Как только с этим было покончено, крестная и крестница обменялись бумагами.

– А теперь, дорогая графиня, я прошу вас дать доказательство своей дружбы ко мне, – попросила г-жа Дюбарри.

– С удовольствием, сударыня.

– Я убеждена, что, если вы согласитесь жить у меня, Троншен меньше чем в три дня вылечит вас. Заодно вы сможете испробовать мое масло, а оно превосходно.

– Садитесь спокойно в карету, сударыня, – ответила ей благоразумная графиня, – мне нужно, прежде чем я присоединюсь к вам, завершить тут некоторые дела.

– Вы отказываете мне?

– Напротив, сударыня, объявляю, что согласна, но не в данную минуту. Вот уже в аббатстве прозвонили час дня. Дайте мне время до трех, и ровно в пять я буду у вас в Люсьенне.
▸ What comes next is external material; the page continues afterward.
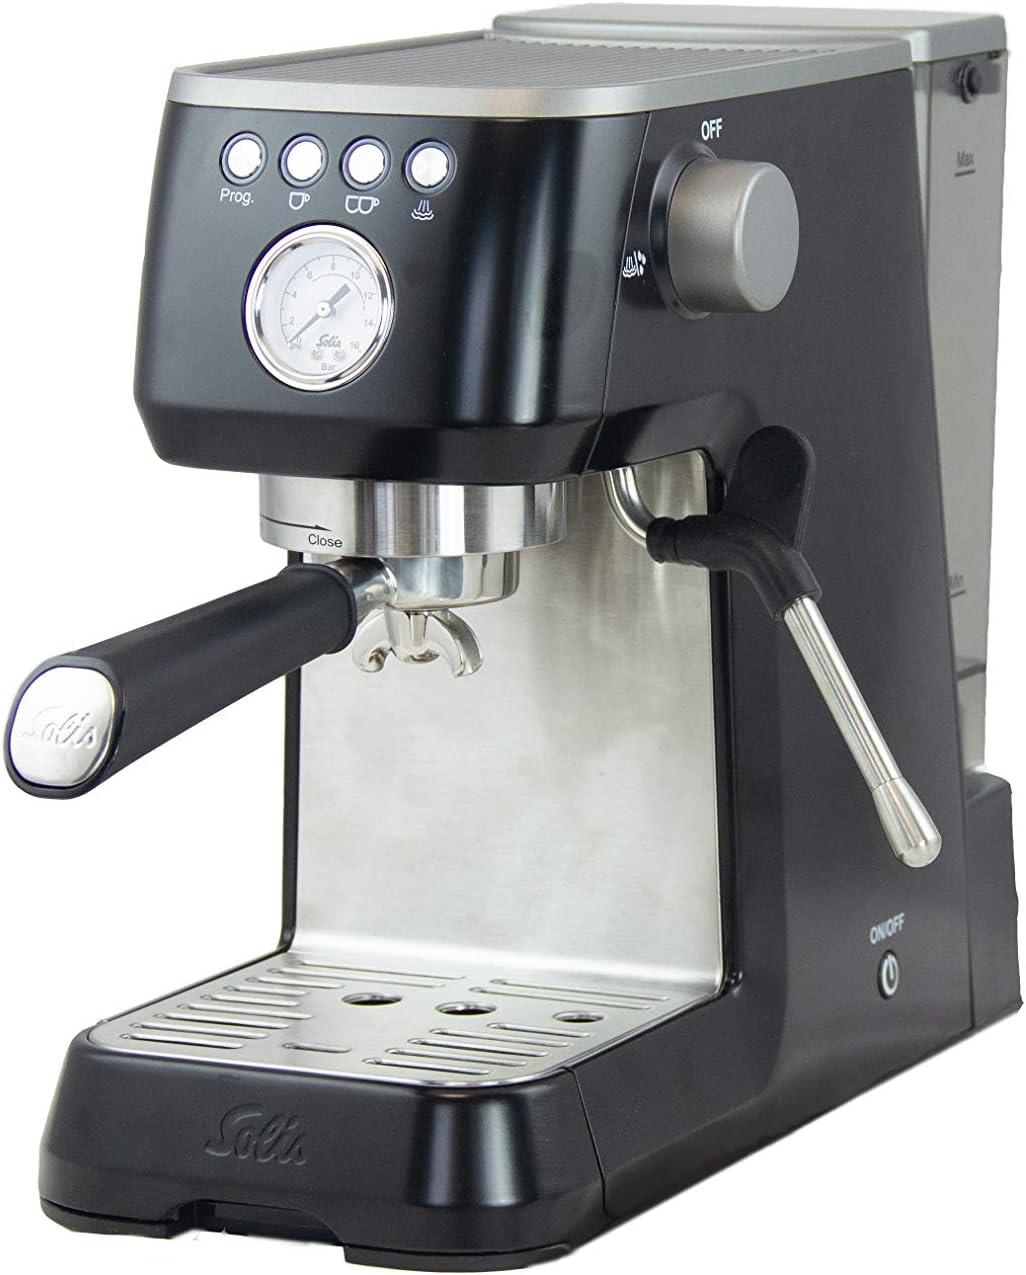 Acero inoxidable 15 bar Solis Barista Perfetta Plus 1170 1 o 2 tazas 1,7 L M/áquina de caf/é expreso Gris Cafetera expresso autom/ática
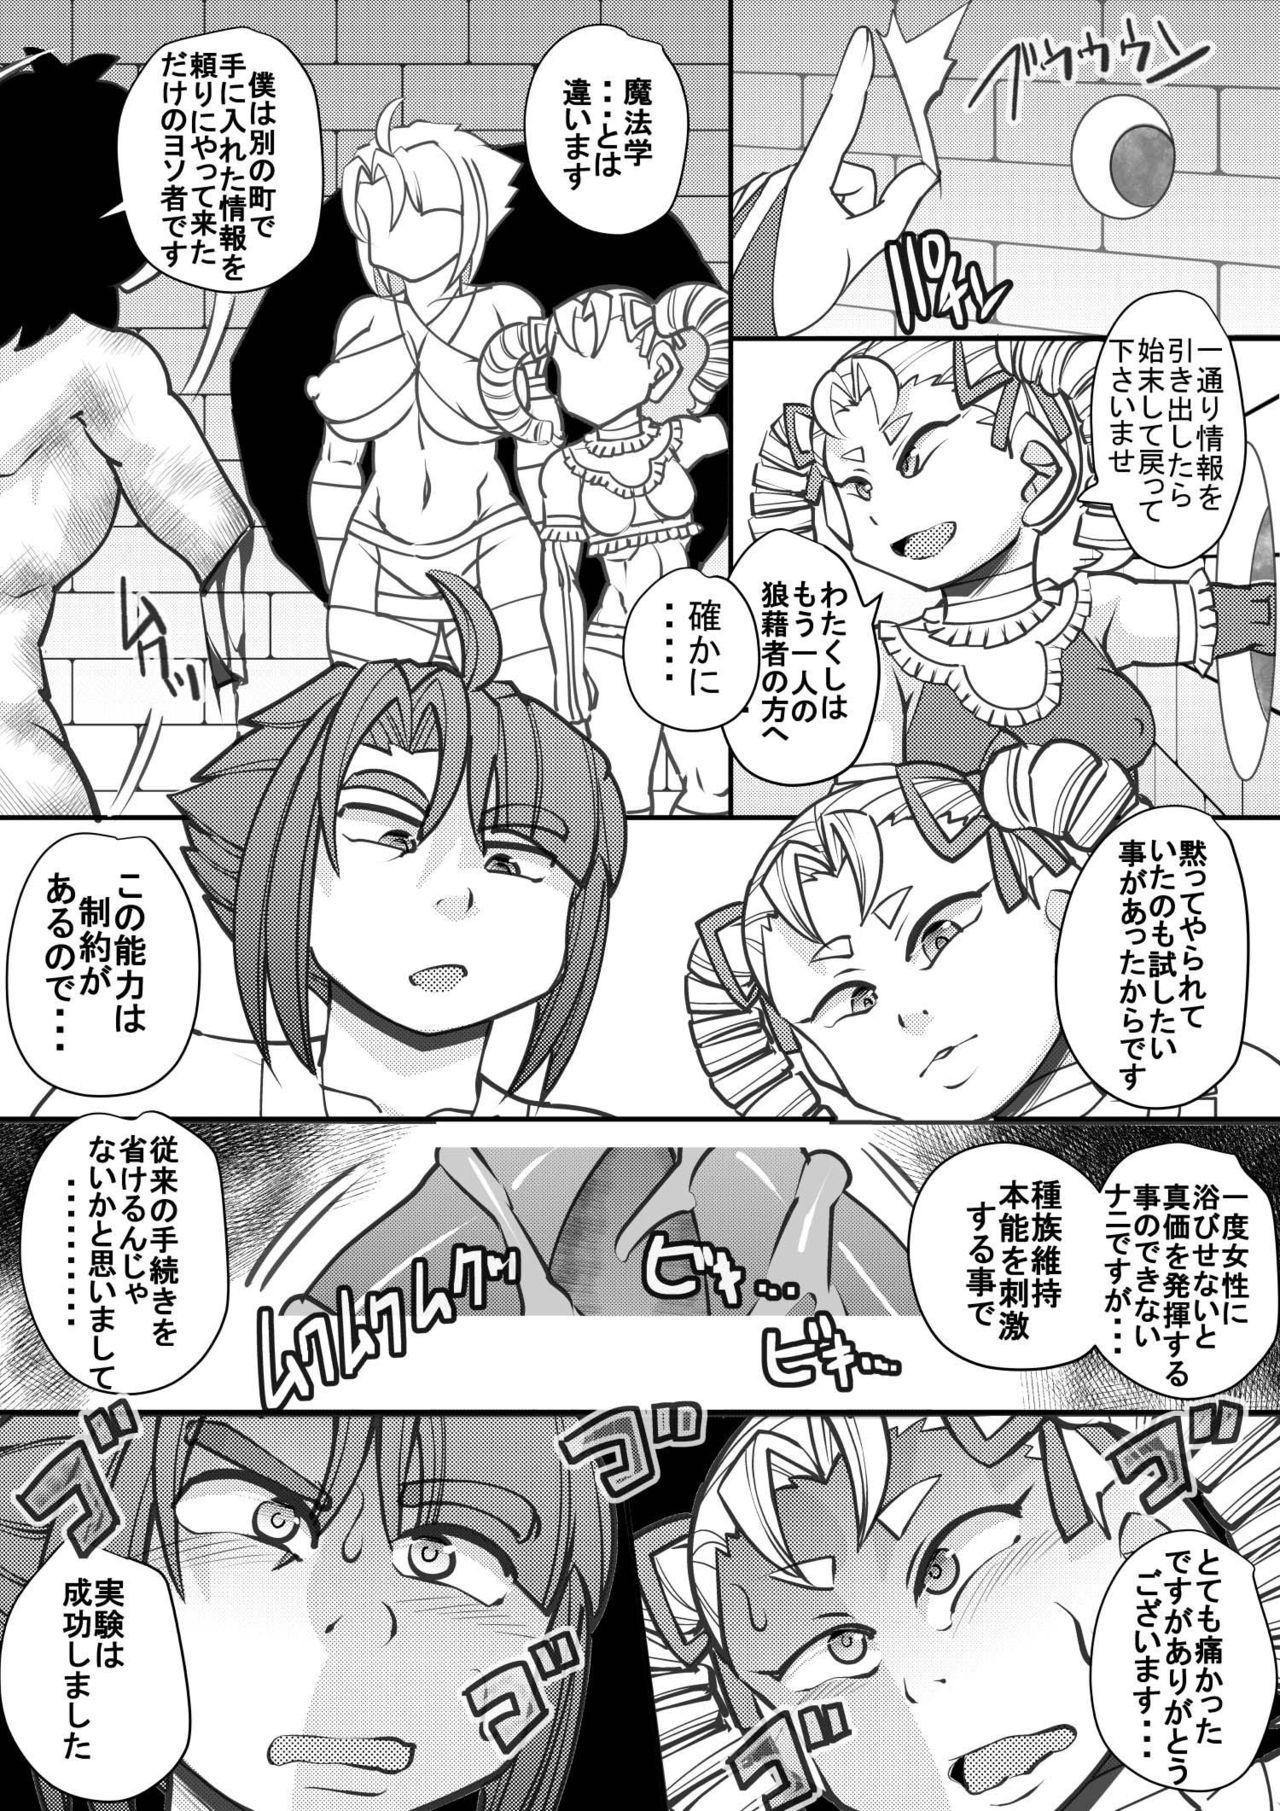 Uchi no Joseito Zenin Haramaseta Kedamono ga Anta no Gakuen ni Iku Rashii yo? 27 5

– Вы не против, если в три за вами приедет в карете мой брат?

– Ничуть.

– А пока берегите себя.

– Не беспокойтесь ни о чем. Я дворянка, я дала вам слово, и завтра, даже окажись я при смерти, я буду иметь честь представить вас в Версале.

– До свидания, дорогая крестная!

– До свидания, очаровательная крестница!

На этом дамы расстались. Старуха графиня осталась лежать, прижав бумаги рукой к столу и вытянув ногу на подушках.

Г-жа Дюбарри сбежала по лестнице еще проворней, чем поднялась, однако на сердце у нее оставался неприятный осадок, оттого что она – она, которая просто ради удовольствия поколачивала короля Франции, – вынуждена была уступить старой сутяжнице.

Проходя мимо большой залы, она заметила Жана, который, очевидно чтобы не возбуждать подозрений тем, что так долго тут засиделся, приканчивал уже вторую бутылку.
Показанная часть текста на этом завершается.